Throughout Clinton's speech, she leaned into both subtle and overt references to black thought leaders to share her policy proposals, while also attempting to show she’s been listening to the feedback.

She used the term "intersectionality," which was coined by scholar Kimberlé Crenshaw decades ago to describe how systems of oppression are interconnected (for example, how women of color are uniquely met with both racism and sexism).

In addition to Lorde, Clinton quoted poet Langston Hughes, who wrote in "Mother to Son" that when "life ain’t no crystal stair you’ve got to keep climbing."

She spoke of learning from Marian Wright Edelman, an advocate for the rights and opportunity for children and founder of the Children’s Defense Fund, where Clinton got her start as a young lawyer.

Just the fact that Clinton spoke in Harlem, two weeks before heading into the South Carolina Democratic primary — where black voters are expected to have a bigger impact than in Iowa and New Hampshire's primaries — was clearly a strategic move.

But her words show she knows what role she could play in her presidency when it comes to race: leading white people into the tough conversation around racial inequality in a meaningful way. It's a task that President Obama has somewhat sidestepped through much of his time in office, perhaps to avoid alienating many Americans who are still too uncomfortable to talk about race.

"For many white Americans, it’s tempting to believe bigotry is behind us. That would leave us with a lot less work, wouldn’t it?" Clinton said. She added, "I don’t have the answers, but I do believe we can and we must do better."

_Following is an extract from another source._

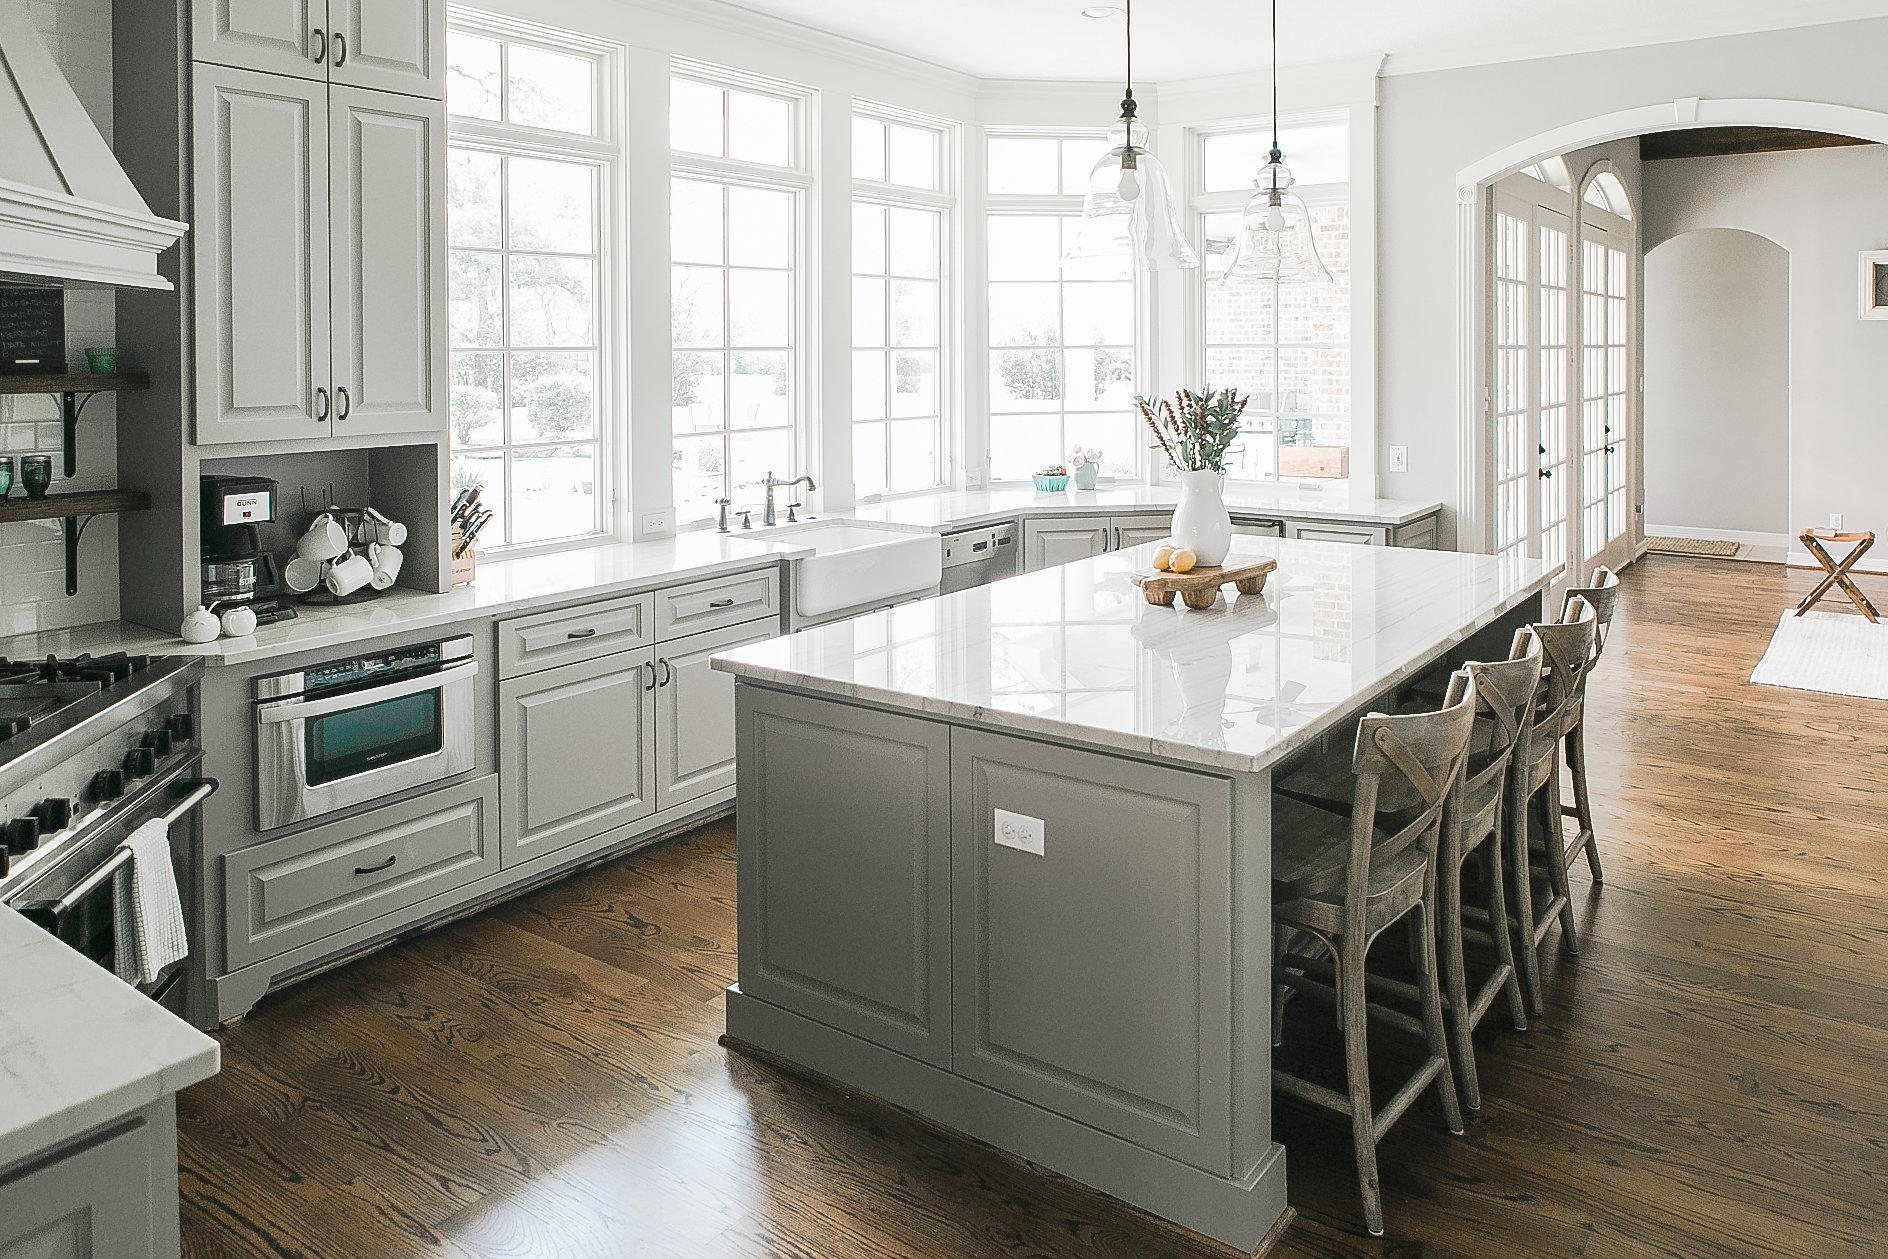 Tomball renovation sparks new interior design career

Passing policy is one thing, but ending systemic racism is another

As the crowd dissipated after her speech, one young woman of color stood near the back, watching Clinton shake hands with supporters from the stage. "How the hell is she going to even do all these things?" she asked her friend. "How many times have we heard some white guy politician say the exact same stuff?"

That young woman's questions came from true concern, especially since she is surely not alone in remaining skeptical that a politician can just show up to the White House and undo the deep-seated systems of discrimination that still linger in America. Even Clinton herself has expressed skepticism of such a feat — remember that magic wand comment? Or even what she said to activists this summer?

But there was one distinct difference in the way Clinton spoke versus the way other politicians often do. The white teenage girl sitting next to me with her mom at the Schomburg Center — clapping passionately with every admission of racial and gender inequality — may not be old enough to vote, but she's old enough to have conversations about race and difference. With time, for that girl and her peers, those conversations may be, while still uncomfortable, not insurmountable.